Cartel de Sinaloa (México)

O Cartel de Sinaloa ficou mundialmente conhecido sob o comando de Joaquín “El Chapo” Guzmán e hoje é apontado pelos EUA como uma das principais organizações responsáveis pelo tráfico global de drogas e pela distribuição de fentanil no território americano. Segundo autoridades americanas, o cartel mantém uma estrutura internacional diversificada, atuando também com tráfico de armas, extorsão, prostituição e lavagem de dinheiro.

Cartel do Golfo (México)

Um dos grupos criminosos mais antigos do México, o Cartel do Golfo surgiu ainda durante a Lei Seca nos EUA e consolidou poder nas décadas seguintes na região de Matamoros, na fronteira com o Texas.

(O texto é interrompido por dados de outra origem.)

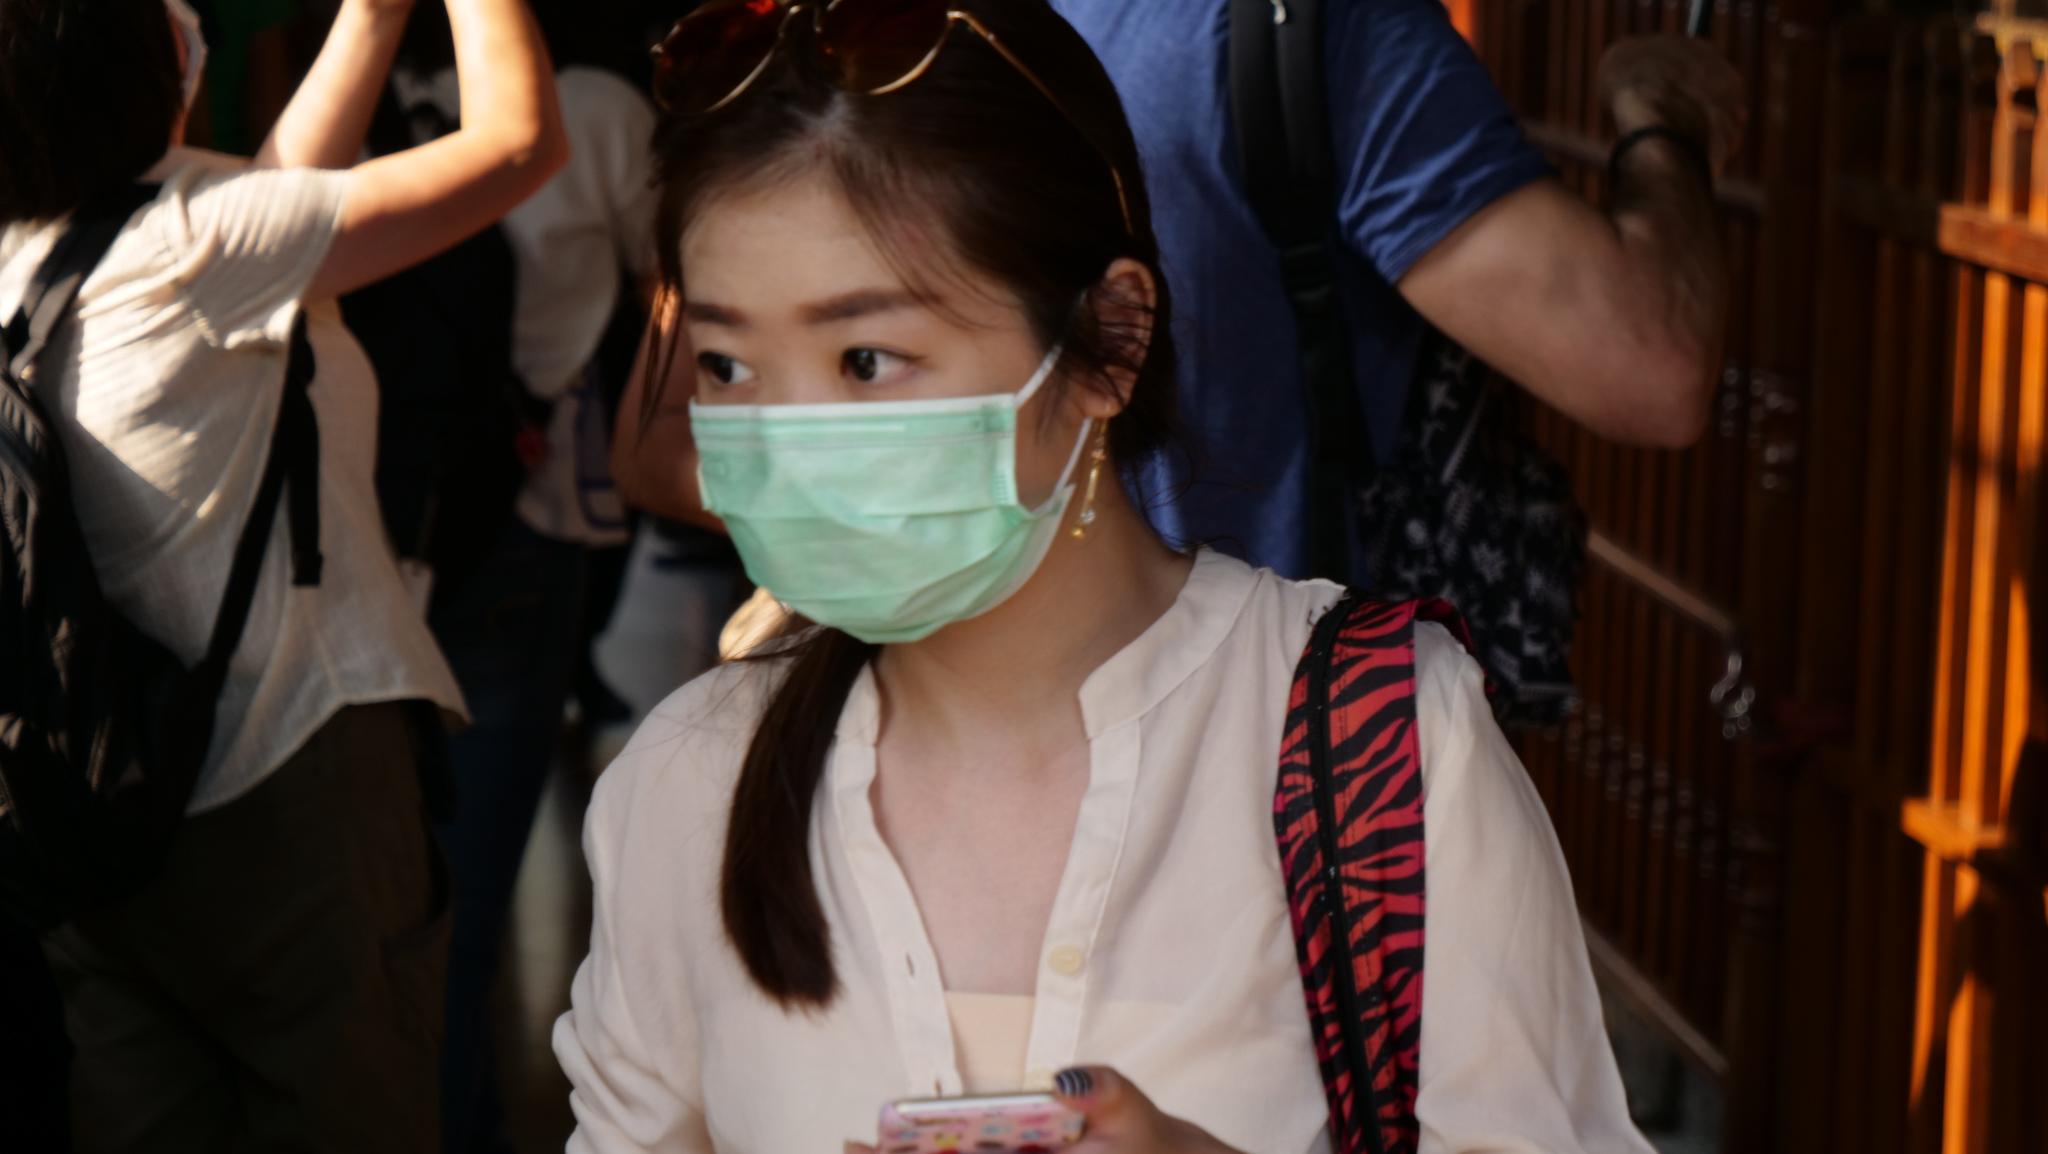 Turista, en Tailandia.
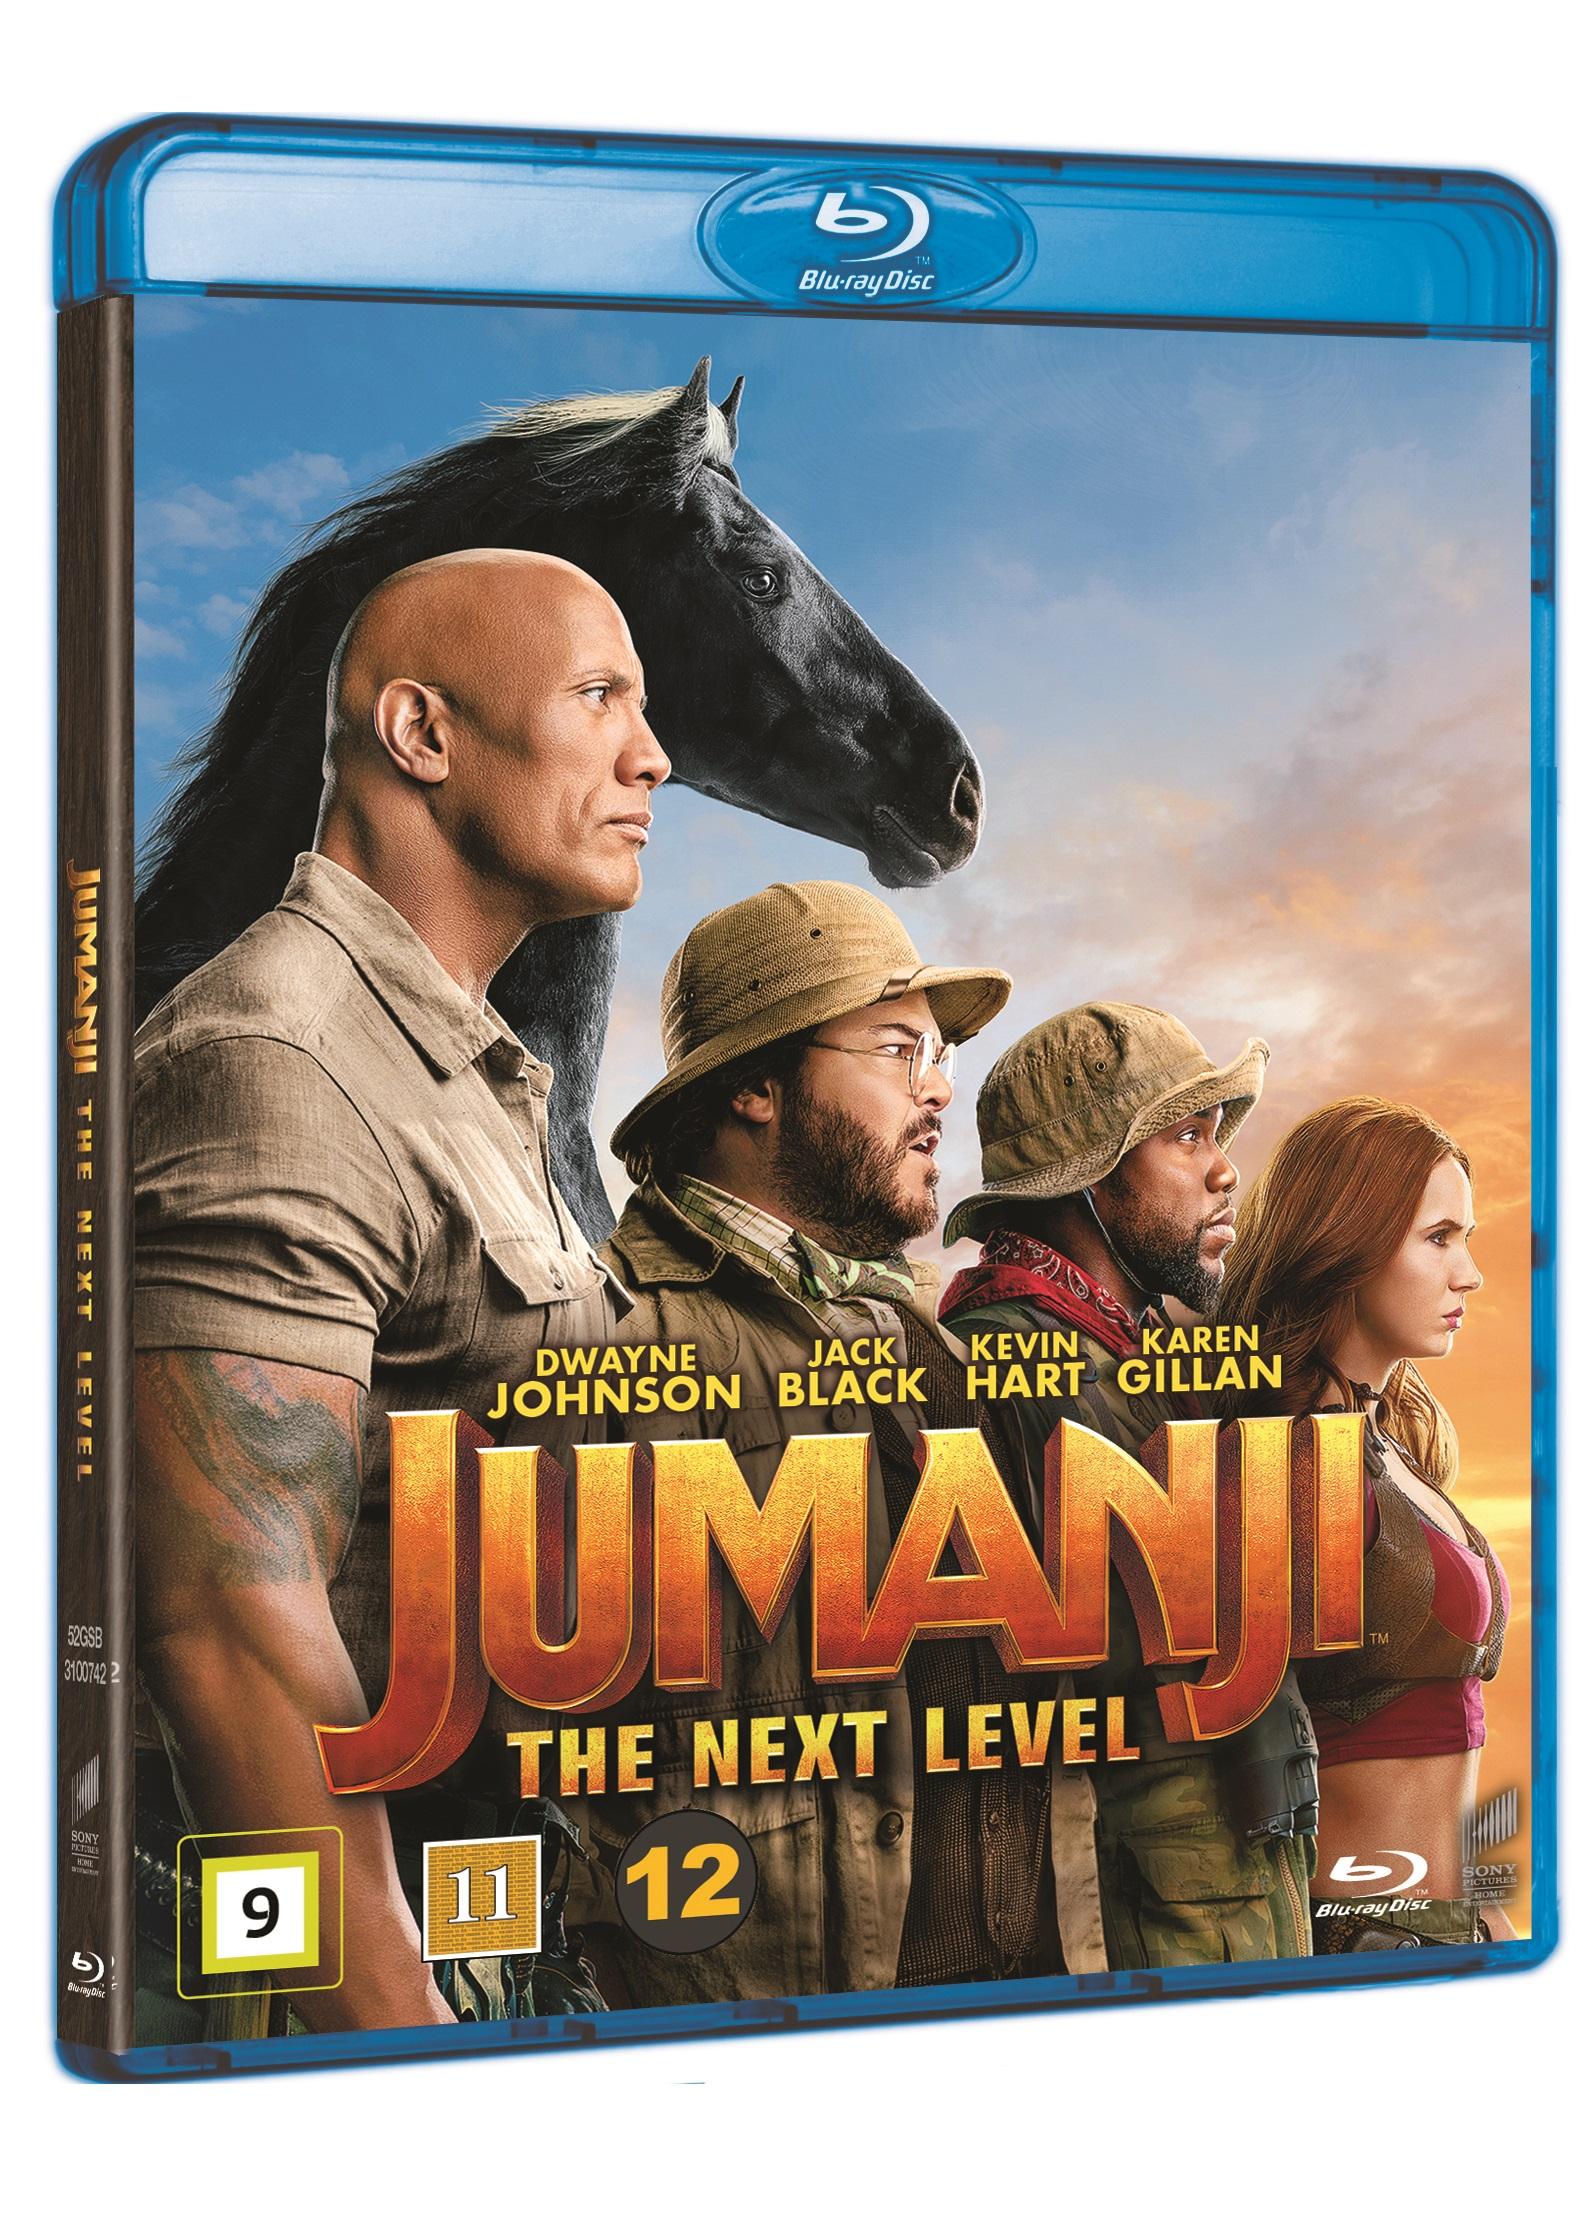 Jumanji: The Next Level -  - Film -  - 7330031007420 - 20/4-2020

O grupo foi associado ao sequestro de quatro turistas americanos no México em 2023, caso que teve repercussão internacional.

Cartel Jalisco Nova Geração (CJNG)

Considerado um dos cartéis mais violentos do México, o CJNG se expandiu rapidamente após o enfraquecimento do Cartel de Sinaloa. O grupo é acusado pelos EUA de operar redes globais de tráfico de drogas e de promover ataques armados contra forças de segurança mexicanas. A facção também ficou conhecida pelo alto poder bélico e por ações coordenadas contra o Estado mexicano.

Cárteles Unidos (México)

Criado como uma aliança entre diferentes grupos criminosos mexicanos, o Cárteles Unidos surgiu para enfrentar o avanço do CJNG no estado de Michoacán. Além do narcotráfico, o grupo atua em esquemas de extorsão ligados à produção e exportação de abacate, um dos principais produtos agrícolas mexicanos.

Cartel del Noreste (México)

O Cartel del Noreste (CDN) atua na fronteira entre México e Estados Unidos e surgiu após a fragmentação dos Los Zetas. Autoridades americanas acusam o grupo de utilizar métodos considerados terroristas para controlar territórios e operar esquemas de tráfico humano e contrabando de migrantes.

La Nueva Familia Michoacana (México)

Com forte presença nos estados mexicanos de Michoacán e Guerrero, a organização é investigada pelos EUA por tráfico de drogas, contrabando de migrantes e atuação em rotas internacionais de fentanil e metanfetamina. O grupo também ficou conhecido pela figura de seu fundador, Nazario Moreno, que misturava discursos religiosos e mensagens de autoajuda dentro da facção criminosa.